PROBLEM DESCRIPTION: With the images removed, repeat the data below exactly.

DATA SEGMENT:
######

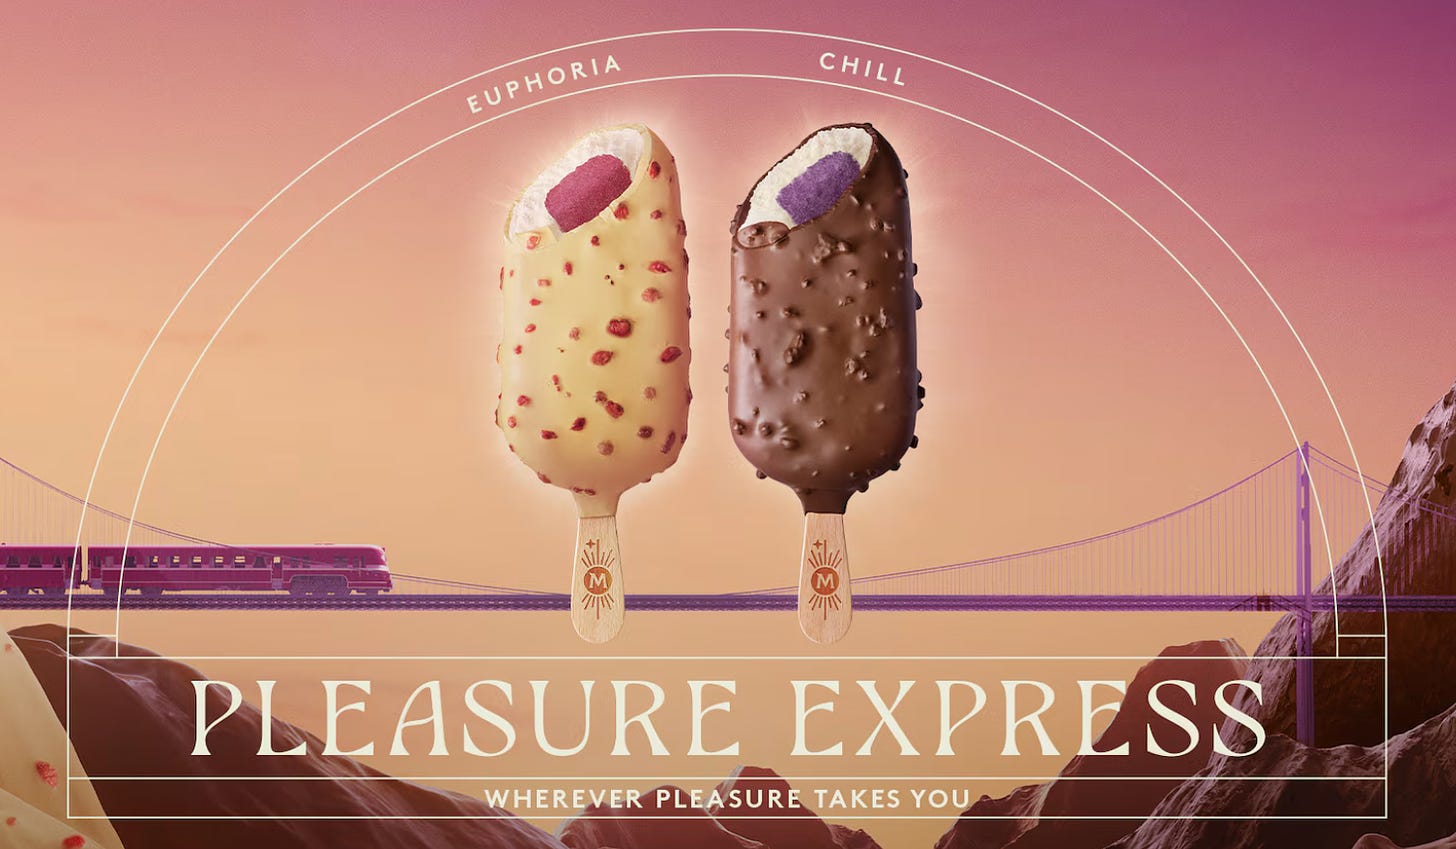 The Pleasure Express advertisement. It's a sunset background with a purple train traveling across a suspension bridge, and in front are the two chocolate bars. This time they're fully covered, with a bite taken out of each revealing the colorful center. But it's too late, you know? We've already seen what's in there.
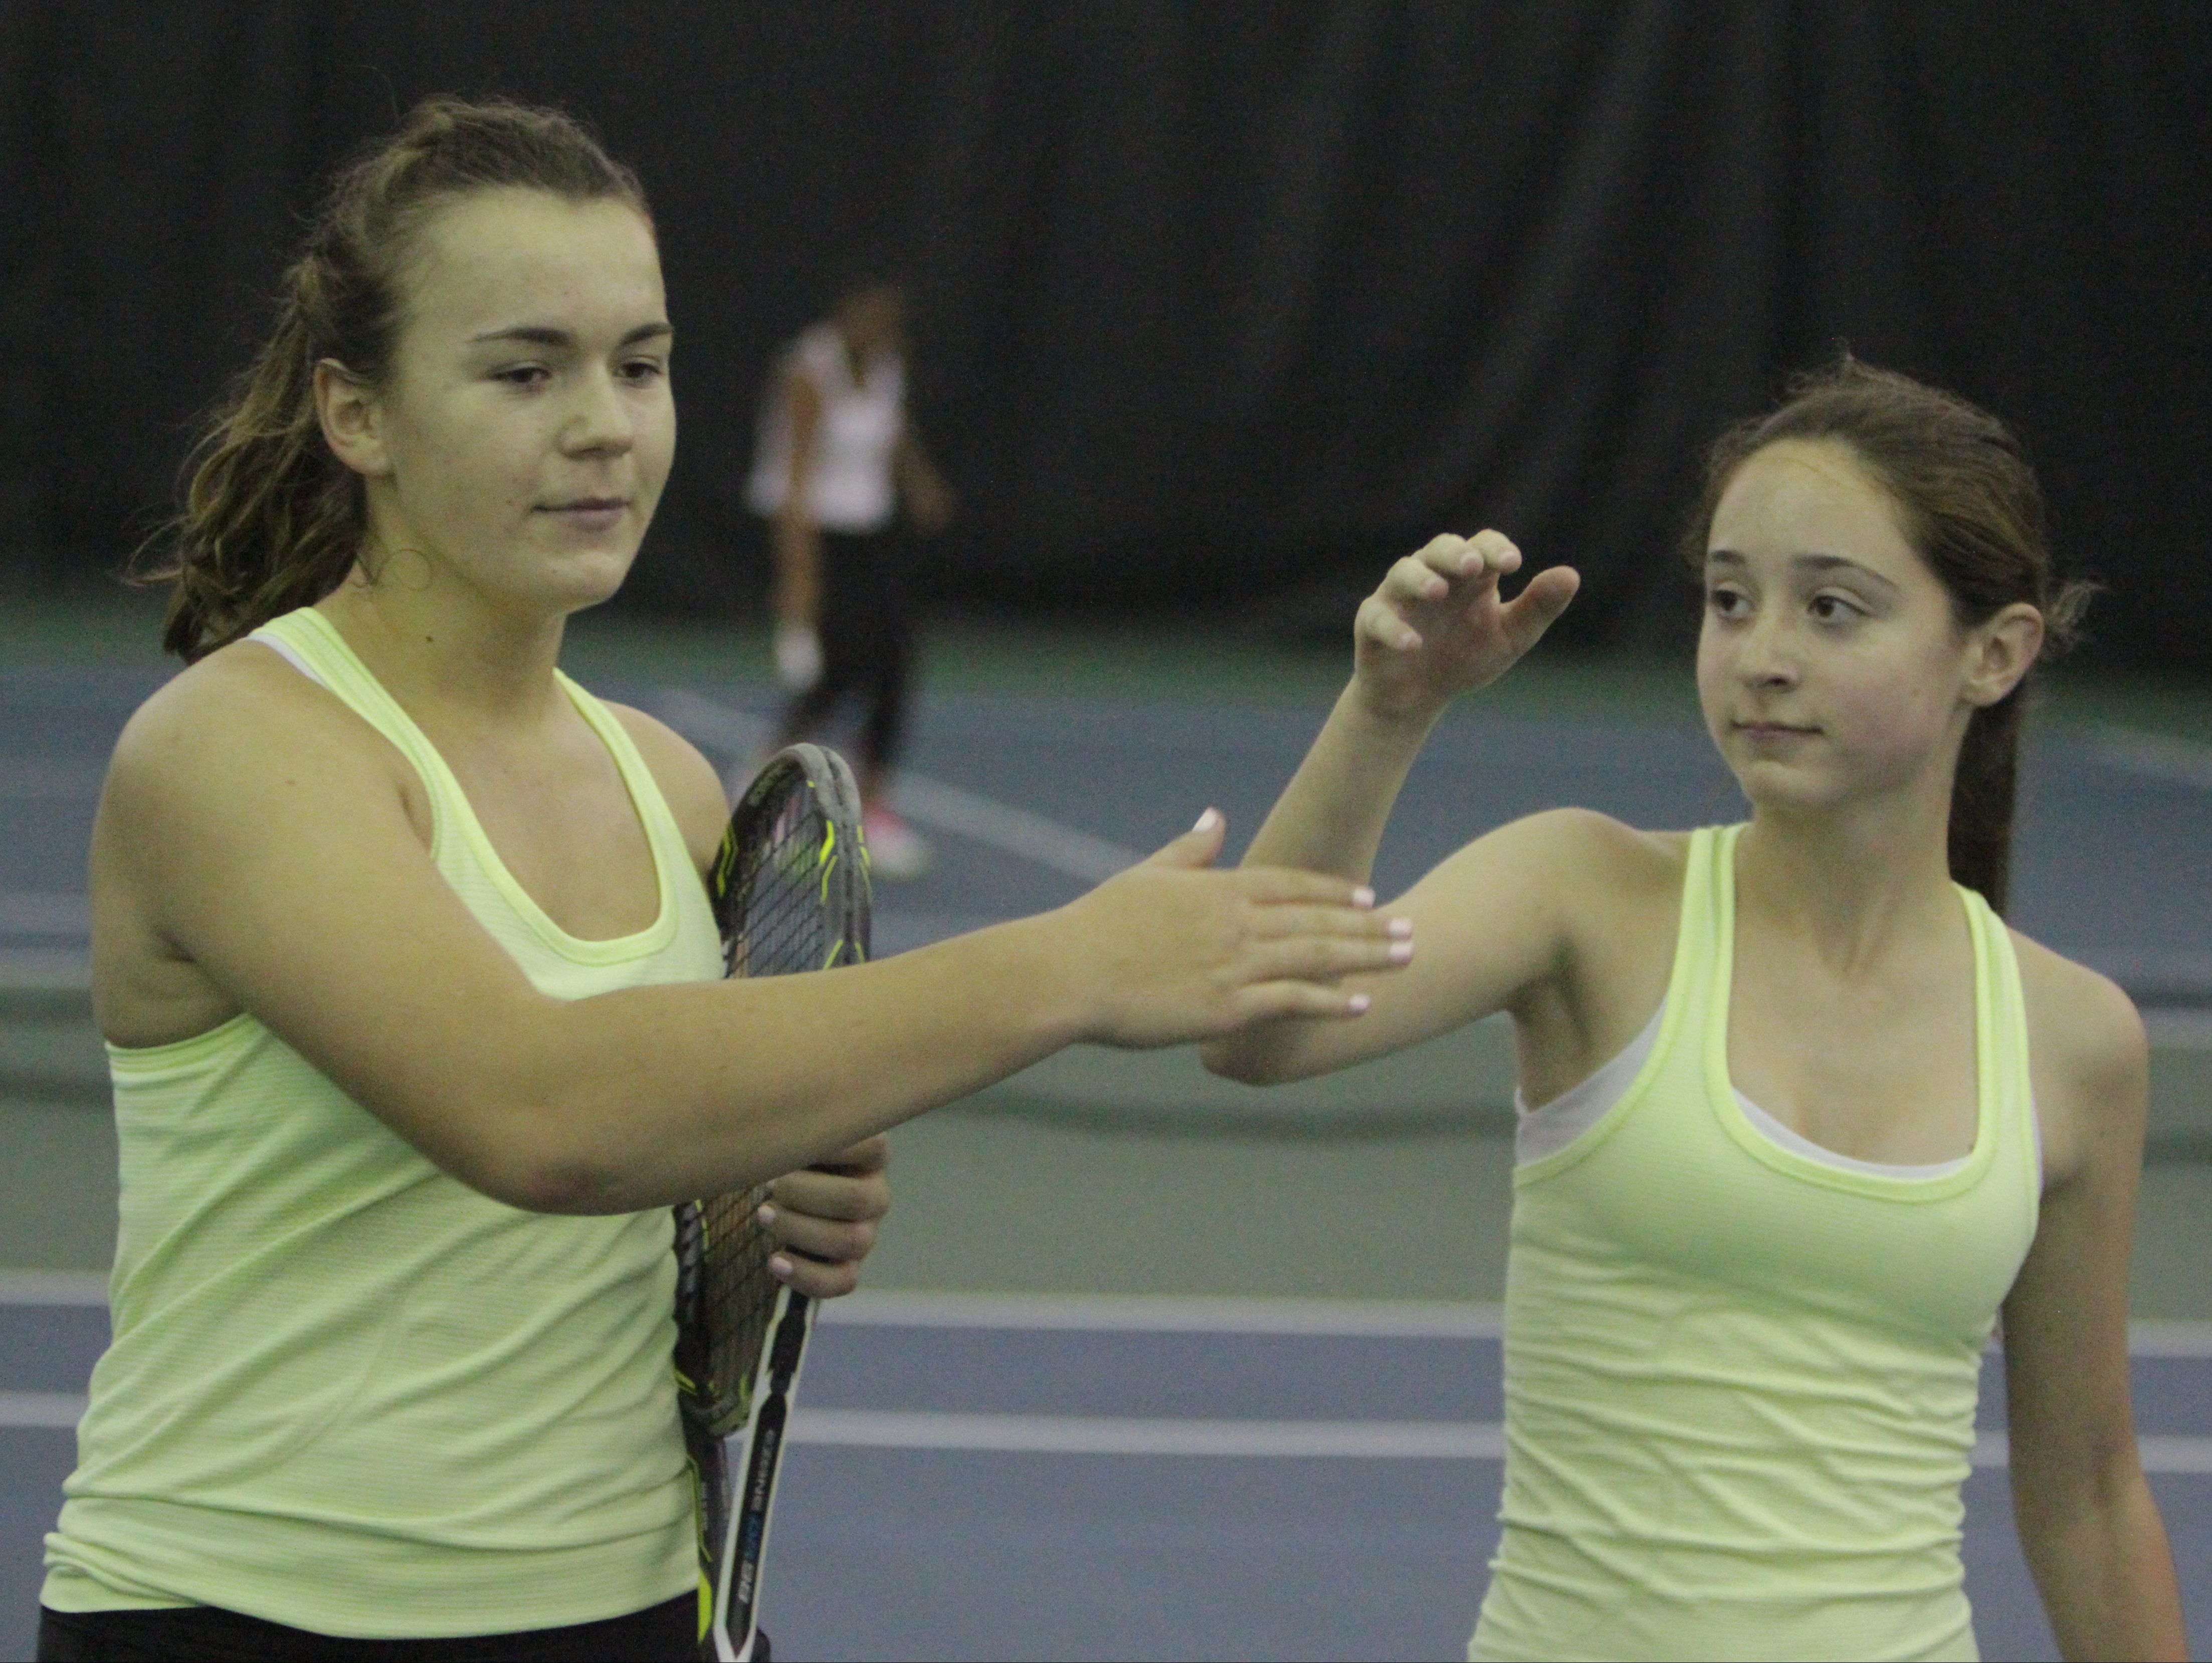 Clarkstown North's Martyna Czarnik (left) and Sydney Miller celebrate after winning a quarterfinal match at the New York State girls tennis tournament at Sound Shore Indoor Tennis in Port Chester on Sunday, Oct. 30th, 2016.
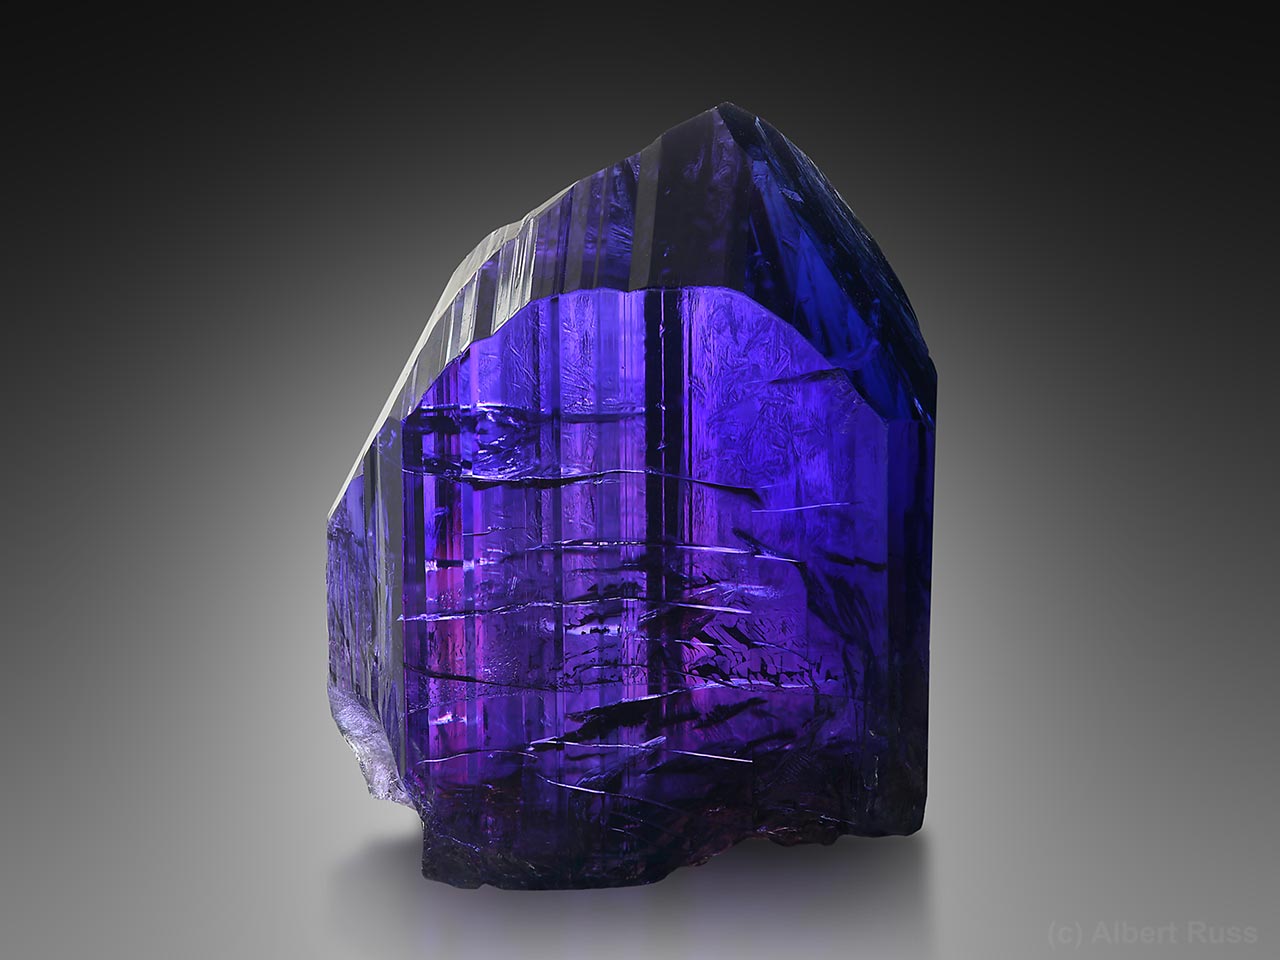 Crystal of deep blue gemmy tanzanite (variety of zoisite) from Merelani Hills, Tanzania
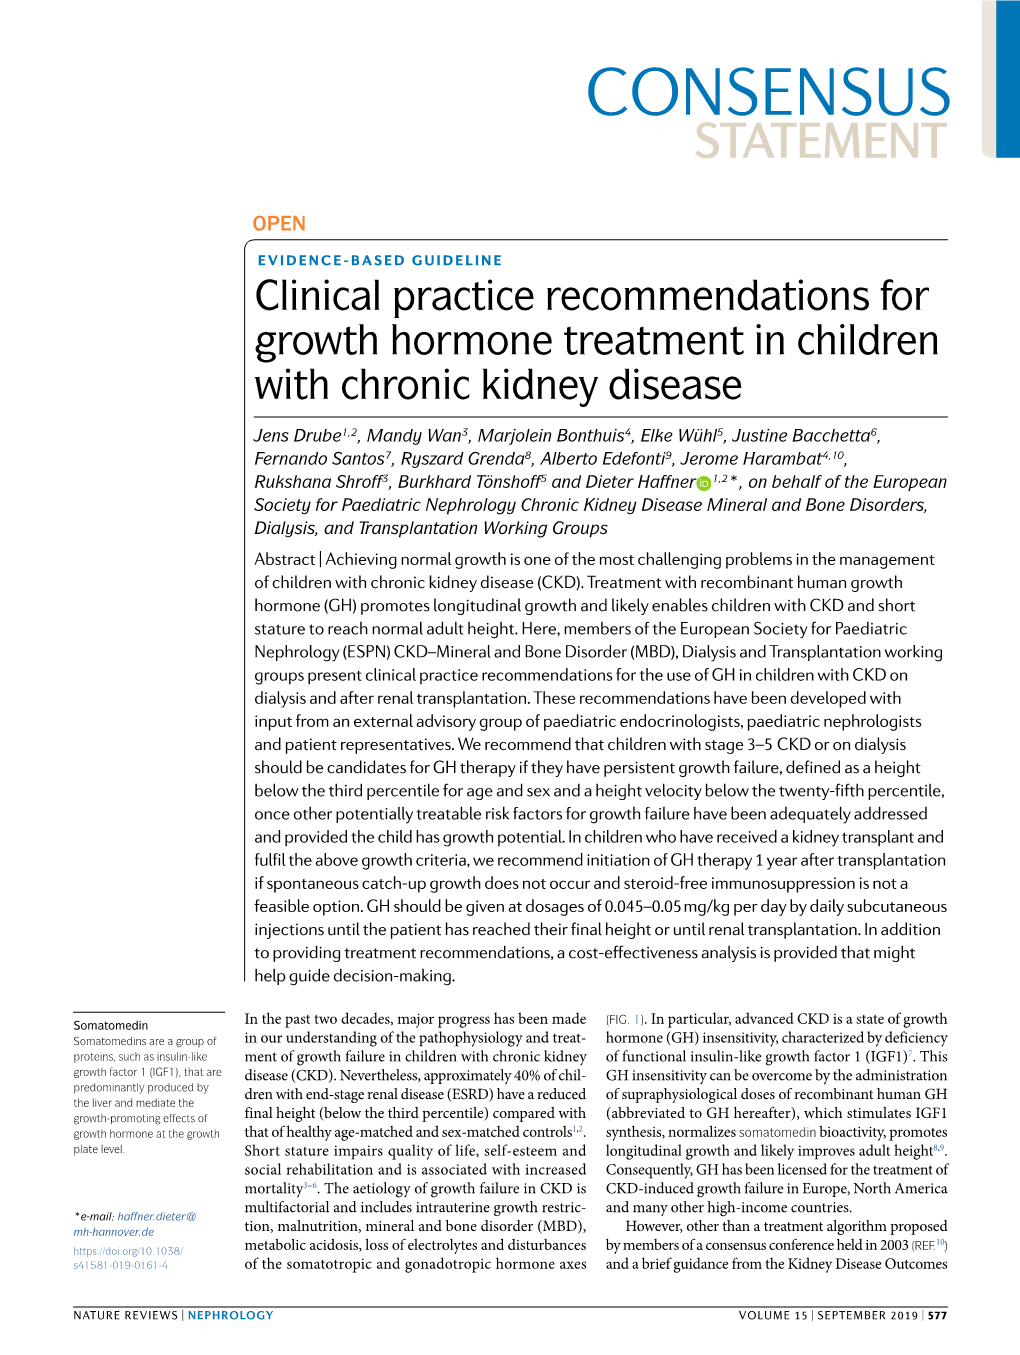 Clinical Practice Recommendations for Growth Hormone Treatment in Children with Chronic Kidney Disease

######

EXERCISE OUTPUT:
 The Pleasure Express advertisement. It's a sunset background with a purple train traveling across a suspension bridge, and in front are the two chocolate bars. This time they're fully covered, with a bite taken out of each revealing the colorful center. But it's too late, you know? We've already seen what's in there.
 Clarkstown North's Martyna Czarnik (left) and Sydney Miller celebrate after winning a quarterfinal match at the New York State girls tennis tournament at Sound Shore Indoor Tennis in Port Chester on Sunday, Oct. 30th, 2016.
 Crystal of deep blue gemmy tanzanite (variety of zoisite) from Merelani Hills, Tanzania
 Clinical Practice Recommendations for Growth Hormone Treatment in Children with Chronic Kidney Disease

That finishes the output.